Аэропорт выглядел пустынным. Он продолжал работу, несмотря на погоду, однако рейсов из других крупных аэропортов практически не было. Мейерс добрался до билетной стойки – маленькая очередь двигалась со скоростью айсберга, так как всего одному кассиру удалось добраться до аэропорта из-за наводнения. Когда подошла очередь Мейерса, ему сказали, что все рейсы до его дома были отменены, но он может вылететь в Денвер через шесть часов и там уже совершить нужную ему стыковку. Рейс обслуживала другая авиакомпания, поэтому ему необходимо было сесть в автоматический поезд и проследовать в другой терминал.
По дороге к поезду он остановился около телефонной будки. В трубке гудка не было. В соседней будке оказалась такая же картина. Все таксофоны в аэропорту не работали. Наводнение смыло телефонные линии. Мейерс знал, что его жена уже, наверное, беспокоится. Он не успел позвонить из О’Хары и Атланты, а теперь в Далласе телефонная связь не работала. Но об этой ситуации наверняка сообщили в новостях. И она знала, что он где-то застрял. Как же здорово было бы вернуться домой к Энни. К Энни и двум любимым дочкам: Кимберли и…
Мейерс замер, и паника охватила его. Сердце заколотилось в груди. Он не мог вспомнить, как звали его младшую дочь. Зал аэропорта закружился перед его глазами, готовясь рассыпаться на миллион осколков…
Меган! Ее звали Меган. «Боже, наверное, у меня в голове помутилось», – подумал он. А у кого бы не помутилось! У Мейерса закружилась голова от голода. Он глубоко вздохнул и направился к вагону.
Когда дверь за ним закрылась, он заметил, что в другом конце вагона на полу лежит мужчина. Больше в вагоне никого не было.
Мужчина весь скрючился в луже рвоты и разлитого бордового вина. На нем была грязная куртка, а у ног валялся брезентовый рюкзак. Он был похож на человека, которого Мейерс увидел по прилете в Чикаго, хотя вряд ли это был он.
В вагоне прозвучало несколько объявлений, и поезд отъехал от перрона навстречу дождю.

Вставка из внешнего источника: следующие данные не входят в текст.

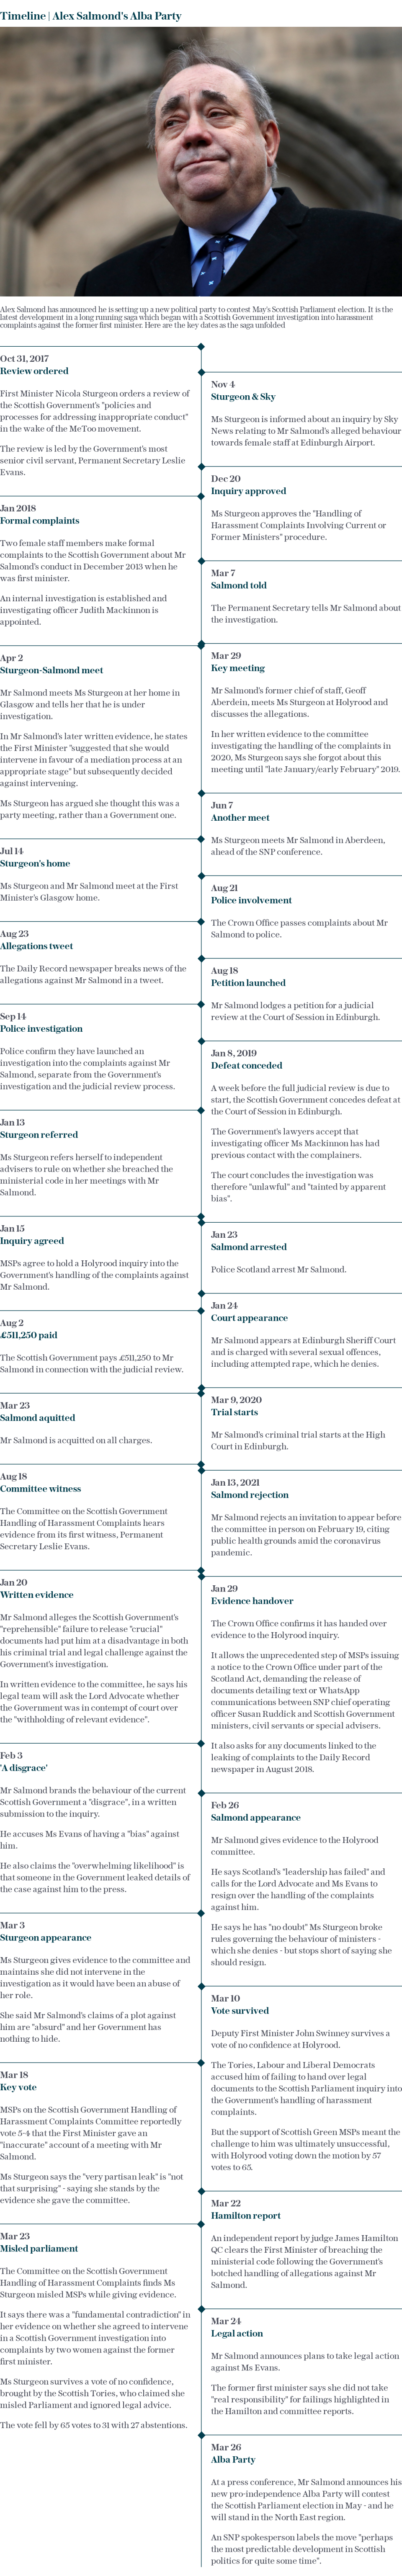 Timeline which led to Alex Salmond's Alba Party

За окном была кромешная тьма. Дождь стучал по крыше. Вдалеке сверкала молния, пронзительно завывал ветер. Вагон подъехал к следующему перрону и остановился.
Внутрь ворвались трое охранников в форме цвета хаки. Один из них без предупреждения ударил спящего бродягу ногой по лицу. Мужчина закричал, а охранники принялись избивать его дубинками и ногами. Кровь и гнилые зубы полетели изо рта и носа мужчины. Питер Мейерс сидел не шелохнувшись и крепко сжав ступни и колени, словно пытаясь таким образом защитить себя.
Один из охранников схватил вопящего мужчину за клок волос, а другой – за брюки сзади, и они оба выволокли его через заднюю дверь на платформу. Третий охранник посмотрел на Мейерса, улыбнулся, дотронулся дубинкой до козырька своей фуражки и последовал за остальными.
Дверь закрылась, и поезд поехал дальше. Мейерс рассмотрел, что трое охранников продолжали избивать мужчину, пока вагон отъезжал навстречу ночи.
Не успел он подъехать к следующей платформе, как свет замигал и погас, и автопоезд остановился. Дождь безжалостно молотил по крыше. Порывы ветра швыряли в окна потоки воды. Мейерс встал и начал ходить по вагону, стараясь не приближаться к находившейся в противоположном конце луже вина, мочи, крови и всего остального. В свете далеких уличных фонарей это пятно казалось черным. Он подумал о только что увиденном, о своей семье, которая ждала его возвращения. Никогда еще ему так сильно не хотелось домой.
Несколько часов спустя свет снова включился, поезд тронулся и доставил его к нужной платформе. Ему пришлось поспешить, чтобы успеть на рейс.
На этот раз самолетом оказался широкий DC-10. Пассажиров было немного. Его место оказалось рядом с проходом. На взлете немного потряхивало, но, как только самолет выровнял курс, он стал двигаться плавно, словно «кадиллак» в шоу-руме. Ночью Мейерсу дали коробку, в которой был сэндвич с тунцом, пачка печенья и немного винограда. Он съел все это с чувством огромной благодарности. У окна сидел пожилой мужчина в пальто и фетровой шляпе.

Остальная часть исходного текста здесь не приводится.